The files in my psyche get paged through, as well, sorted, shuffled, browsed, explored. These inner containers hold gems that have long deserved to catch some light, so I'll lift one or two toward the window.

I grew up a preacher's daughter. My heritage, Protestant, our denomination an offshoot, sort of, from Presbyterianism. The year I turned 14 we left a church. It was the second time heavy-duty emotional things -- human things -- happened in a church setting that caused pain to our family. Big-time confusion. My dad's a nice guy. Why should anyone criticize their nice preacher, especially when he was my dad?

Two decades later, when my brother got married in that same church, I began to recognize how many memories about it I had stuffed away...

Behind the kitchen in sixth grade, after Mike Beckham put his sweaty arm around my shoulders, wondering if he would kiss me. Nervous thrills keeping score for Dad when he coached the boys' slowpitch softball team. The duet Lannae Gordon and I sang in front of the whole congregation about the Man from Galilee.

Perhaps remembering served more than one purpose. I was back in touch, from an adult perspective, with stuff I had been through. Also, though, I could admit there was this hole in my life, this deficit in my being, from a chapter with a negative end. I could taste the bitter along with the sweet. I could understand more of what I was about. Finally I could say, no, really, I don't like this sort of event; I'll do my best, thank you very much, to shut this possibility out of my future.

Basically, for me, it meant I could leave any church situation that proved to lack a desire for depth of understanding of real things.

So, in 2000, I did. It seemed at that time as though I filed away the entire standard world of Christian practice, finally able to say to that world, hey, I still believe in Christ. I just don't get why you're blindly following traditions and not focusing on that Man.

A hole existed, a bottomless file. But I acknowledged it, was even grateful for it, and puttered along just fine.

Which is why I never dreamed you'd see me darkening the door of an Orthodox church with any drop of willingness to go in. Yet the other morning at 6:30 I entered St. John's for a Liturgy (like Catholic Mass, only weirder), and in the church I picked up the continuing journey that doesn't end when I leave.

At the center of the ceremony, of the Church, there remains Christ. At least, as close as I have come to experiencing that Man with all my senses. The bitter and the sweet.

Back home toasting my rice bread and getting ready for work, I remained cautious but optimistic that this time of experience, rather than a hiding and a filing away, is an actual gift and filling of a huge particular deficit in me.

4 comments:

Verna Wilder said...

Deanna, I feel so happy to have found your writing! You commented on one of Beth's posts, and so I looked you up.
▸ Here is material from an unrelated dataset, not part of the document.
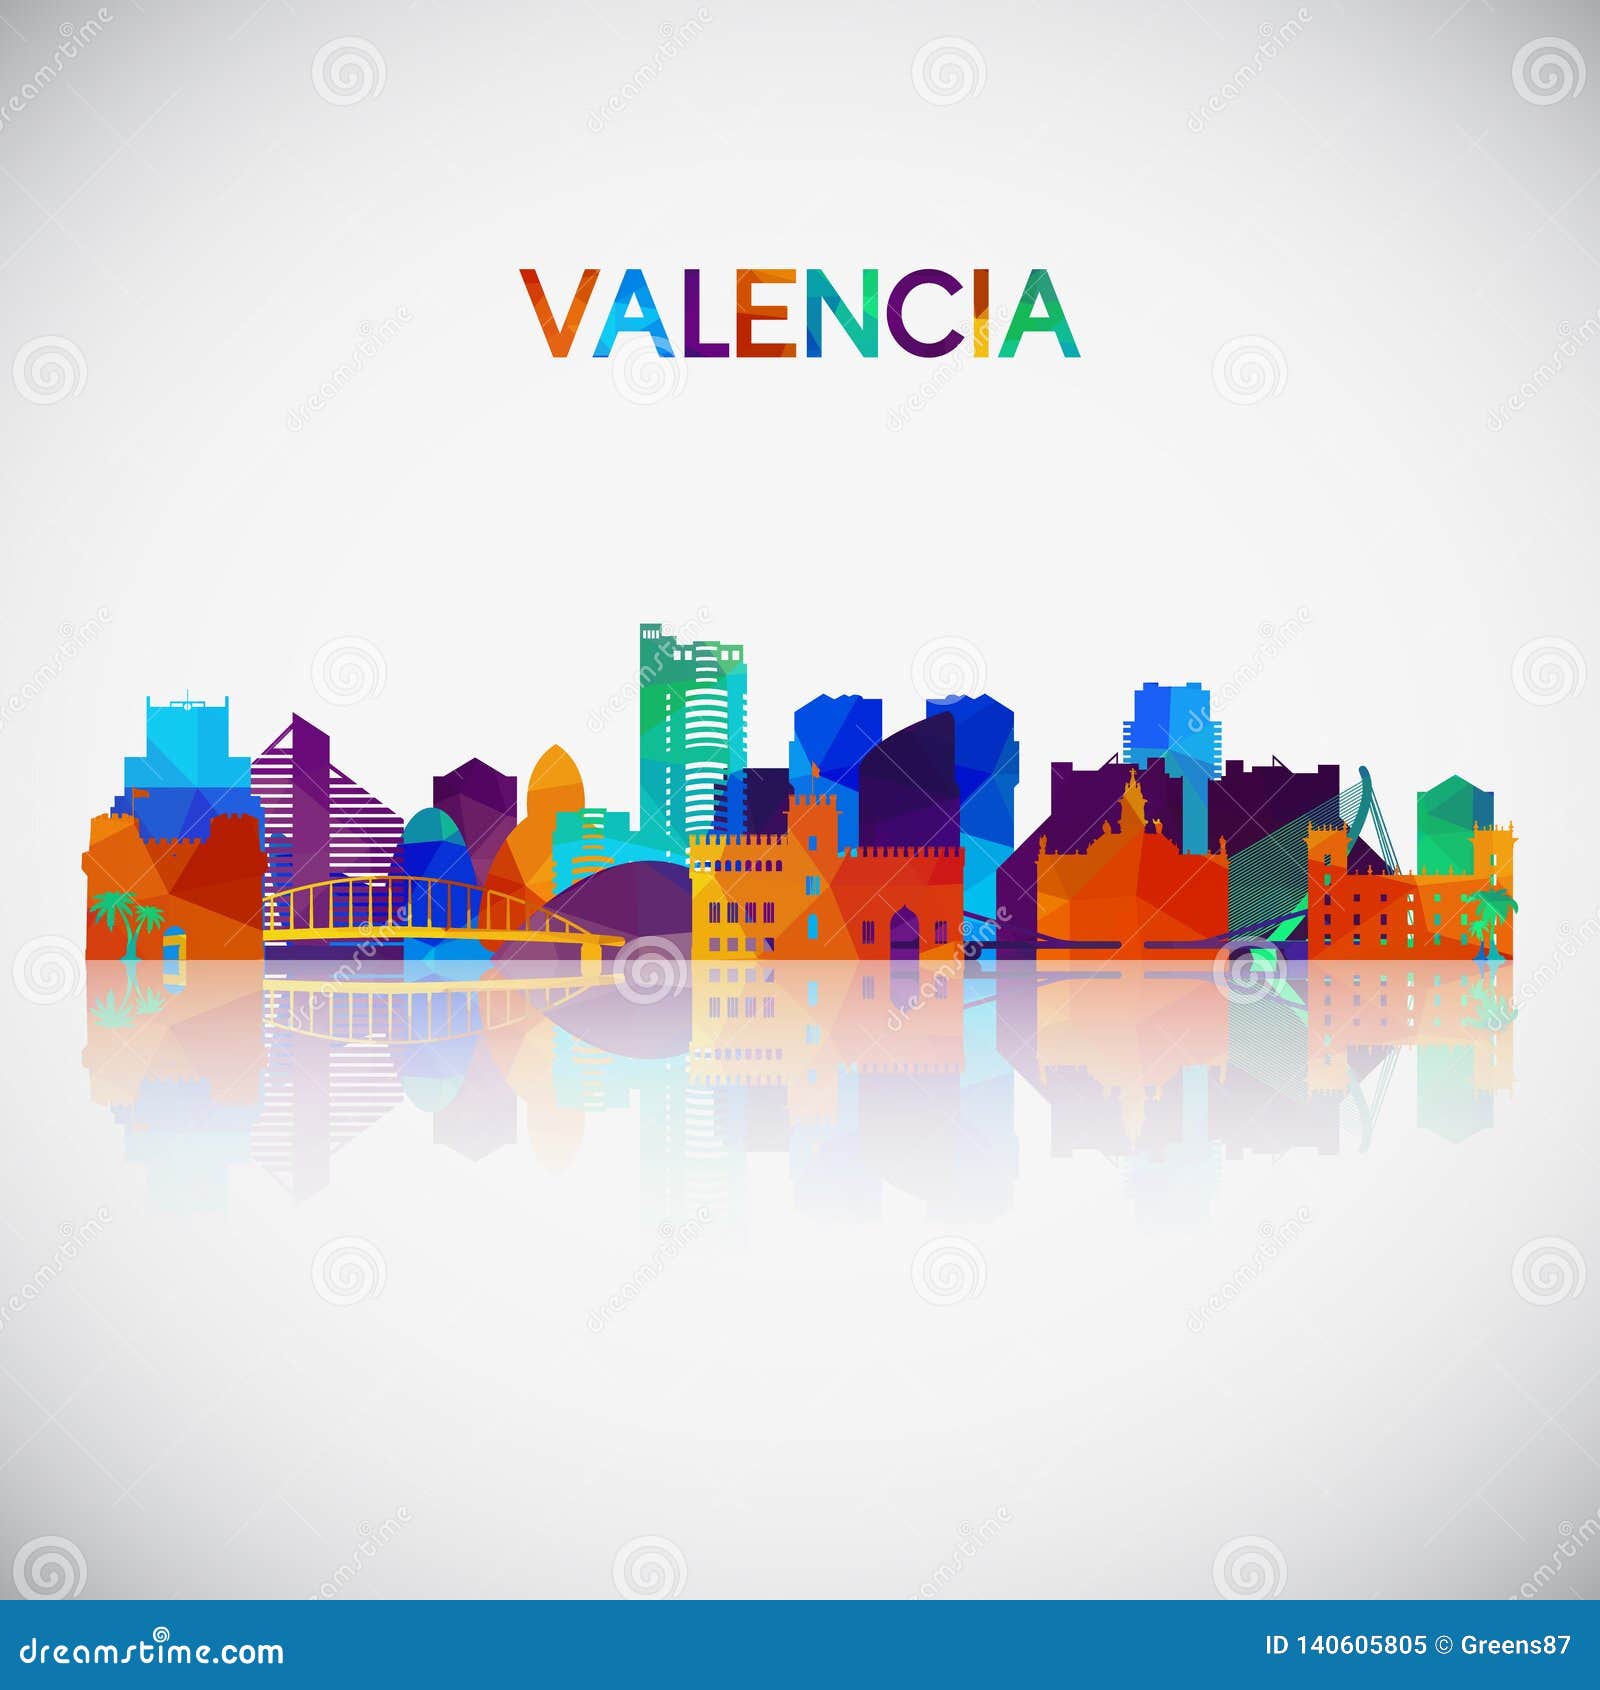 valencia skyline silhouette in colorful geometric style.

I like your writing very much, and you invite me into a world I turned my back on many years ago - Christianity. Your writing invites me in, and I'm willing to go. Thank you for that. I look forward to reading more.

Deanna said...

Hi, Verna. Thanks for reading and commenting. I only lurked at your blog yesterday (well, I was at work), but I'm glad to have found you, too. Beth is great at connecting us writers of the blogs. I'll return soon to yours.

deb Colarossi said...

oh, I'd love to talk IRL about this. Although I am not learned in any way at all. at all.
but my soul gets this. attending mass with my soon to be husband, was just the it for me, it really was.

although , in all honesty I haven't been to our local parish church in forever. I'll use the excuse that it's terribly overcrowded , but it's more than that.

Elizabeth "Beth" Westmark said...

I love playing matchmaker to some of my favorite people and blog "thought leaders."

Deanna? God-shaped hole, maybe. Deficit? I don't believe it.